SMBs’ mobile needs: A U.S.-Canada comparative analysis

Two different research studies show some interesting similarities and contracts around what small and medium-sized firms expect from IT


They may be small but the way they’re moving to mobile could have a huge impact on the entire technology ecosystem.

I’m talking about small and medium sized businesses (SMBs). A recent study from U.S.-based SMB Group shows that they continue to embrace mobile technologies. While that in itself is no surprise, the report contains some revealing details about how SMBs are going about this and its impact on their overall IT spending.

Although SMBs have smaller budgets than their enterprise counterparts, they collectively leave a large footprint on the tech sector as a whole. Gartner predicts that annual IT spending by SMBs – which accounts for 44 per cent of total IT spending worldwide – will surpass $1 trillion for the first time ever this year.

That’s why this new study made me wonder: how might these SMB mobile trends trickle down to affect IT managers, app developers, solution providers and hardware makers in the next few years ahead?

To add some Canadian context, I also delved into the most recent study out of this country, the Sage Canadian SMB Survey on Mobile Devices. First, we’ll look at the SMB mobile data from both sides of the border. Second, we’ll consider how those figures might impact various parts of the IT industry in the years ahead.

Mobile spending

– American SMBs spent about 16 per cent of their total IT budgets on mobile technology and solutions in 2014, up from 12 per cent in 2013

– in Canada, 78 per cent of SMBs don’t allocate a budget for mobile devices, purchasing on an as-needed basis instead

– 63 per cent of Canadian SMBs buy mobile devices for workers, down from 71 per cent in 2013

– only 54 per cent of U.S. SMBs supply employees with mobile devices

Mobile motivations

– according to the U.S. report, “mobile applications are becoming more important to SMBs, not only as a complement to traditional business applications but even as a replacement in some areas.
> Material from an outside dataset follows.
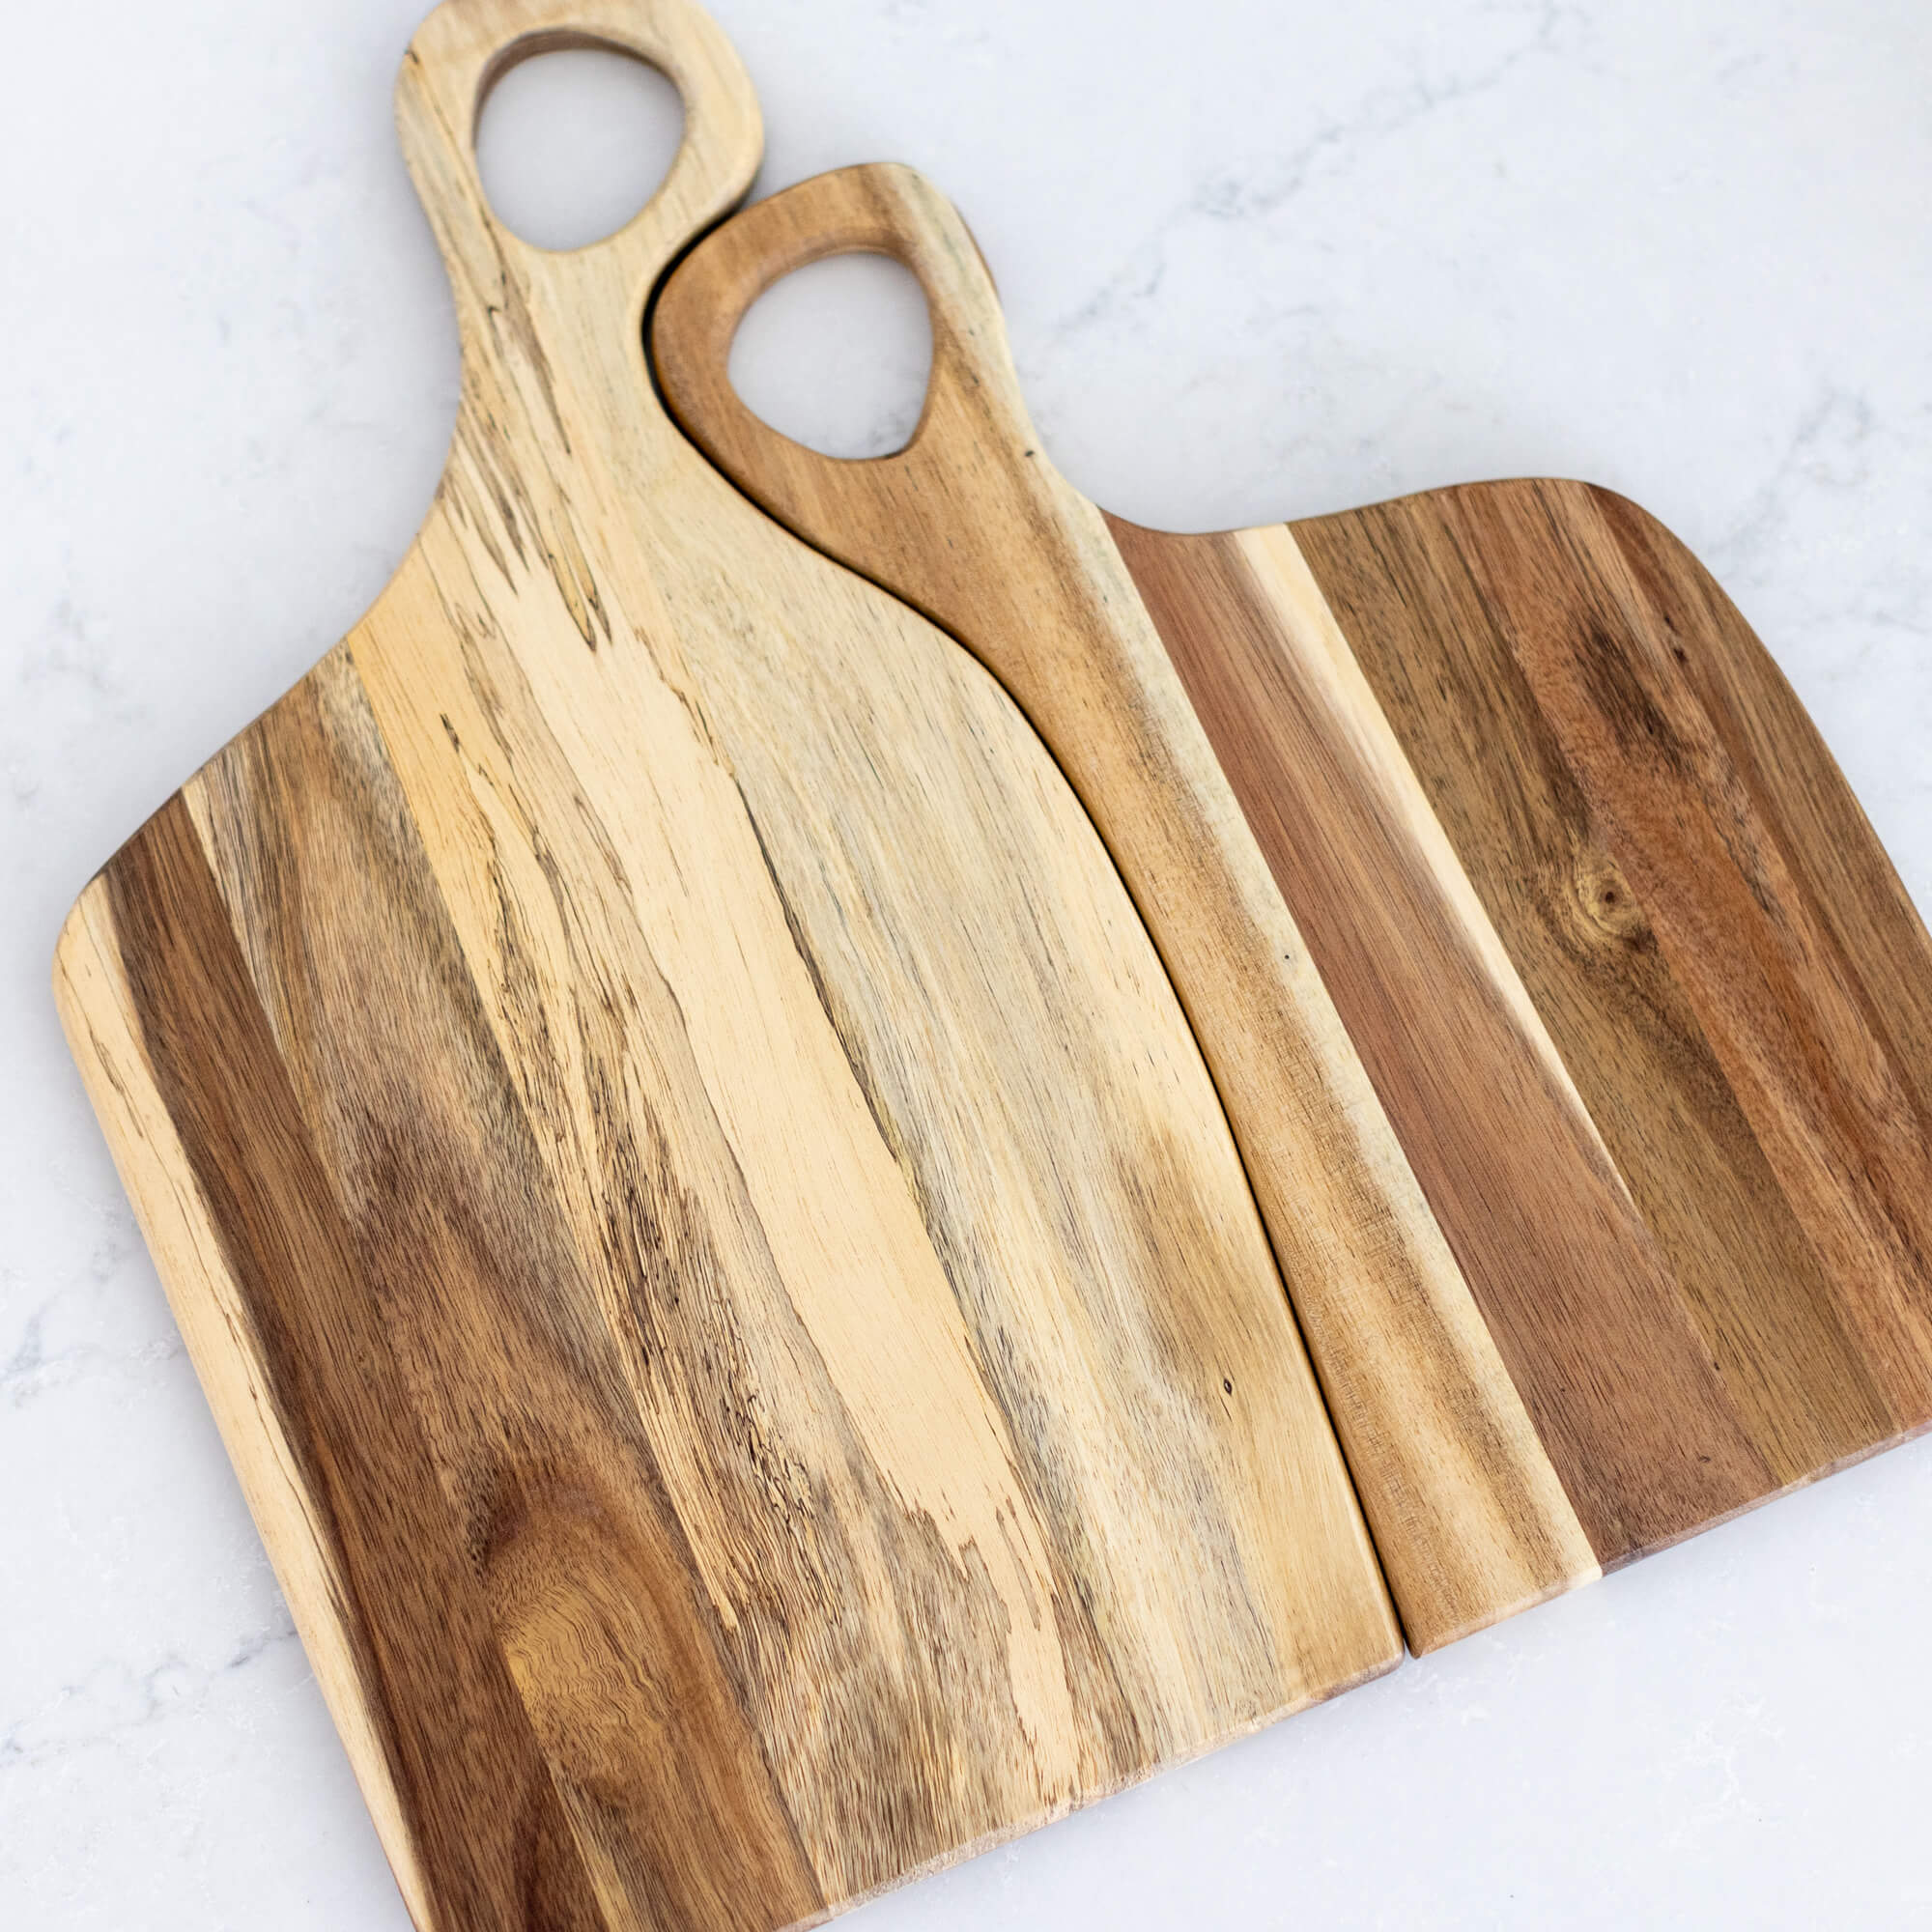 Custom Wood Cutting Board - Engraved Nested Cutting Board for Mom

For instance, mobile access has become the preferred interface for collaboration social media apps for a significant percentage of SMBs.”

Mobile management

“Adoption of mobile management solutions is rising,” the U.S. study says, with 45 per cent of American SMBs now using mobile device management (MDM) solutions and 36 per cent using mobile application management solutions.

Hardware preferences

– almost 70 per cent of Canadian SMBs feel laptops and smartphones have a positive impact on productivity – but only 45 per cent feel the same about tablets

OS options

– iOS usage among Canadian SMBs slipped four percentage points in 2014 while Windows 8 usage jumped 14 and Android jumped nine

What do these numbers indicate? SMBs are fuelling further opportunities for providers of mobile security and management solutions. As SMBs flock to free or low-cost cloud-based apps, however, larger vendors of more traditional business solutions may be missing out on that party.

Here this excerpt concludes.